Albrecht, C., Stelbrink, B. & Clewing, C. (2019). Planorbidae Rafinesque, 1815. Pp. 181-186 in C. Lydeard & Cummings, K. S. Freshwater Mollusks of the World: a Distribution Atlas. Baltimore, John Hopkins University Press.

Baker, F. C. (1945). The molluscan family Planorbidae. Urbana USA, University of Illinois Press.

Beesley, P. L., Ross, G. J. B. & Wells, A., Eds. (1998). Mollusca: The Southern Synthesis. Parts A & B. Melbourne, CSIRO Publishing.

Brown, D. S. (1981). Observations on the Planorbidae from Australia and New Guinea. Journal of the Malacological Society of Australia 5: 67-80.

Brown, D. S. (1998). Freshwater snails of the genus Gyraulus (Gastropoda: Planorbidae) in Australia: the taxa of Tasmania. Molluscan Research 19: 105-154.

Brown, D. S. (2001). Freshwater snails of the genus Gyraulus (Planorbidae) in Australia: taxa of the mainland. Molluscan Research 21: 17-107.

Hazelwood, B. (1979). The first record of Segmentina complanata (L) from New Zealand. Poirieria 10: 60.

Hubendick, B. (1955). Phylogeny of the Planorbidae. Transactions of the Zoological Society of London 28: 453-542.

Ponder, W. F., Clark, S. A. & Dallwitz, M. J. (2000). Freshwater and estuarine molluscs: an interactive, illustrated key for New South Wales. Melbourne, CSIRO Publishing.

Smith, B. J. (1992). Non-marine Mollusca. Pp. i-xii, 1-408 in W. W. K. Houston. Zoological Catalogue of Australia, 8. Canberra, Australian Government Publishing Service.

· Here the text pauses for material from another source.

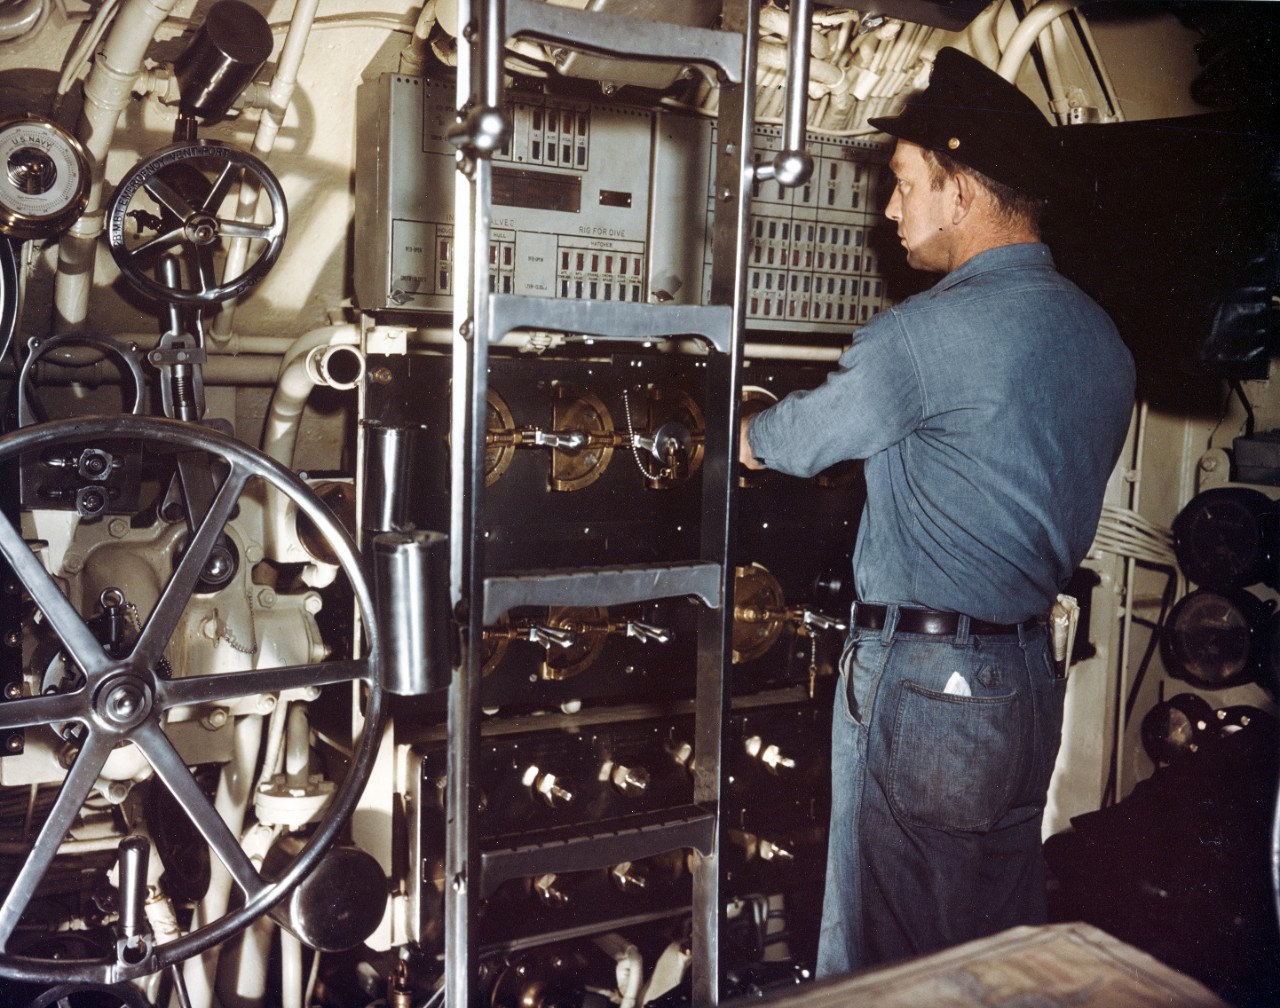 Submarine Control Station manned by a Chief Petty Officer, during World War II

Smith, B. J. and Kershaw, R. C. (1979). Field guide to the non-marine molluscs of south eastern Australia. Australian National University Press, Canberra, Australia.

Smith, B. J. & Kershaw, R. C. (1981). Tasmanian Land and Freshwater Molluscs. Hobart, University of Tasmania.

Smith, E. A. (1887). Notes on Australian species of Bithinia, Segmentina, and Fusus and description of a new Melania. Journal of Conchology 5: 235-238.

Willan, E. C. & Kessner, V. (2021). A conspectus of the freshwater molluscs of the Daly River catchment, Northern Territory. Northern Territory Naturalist 30: 108-137.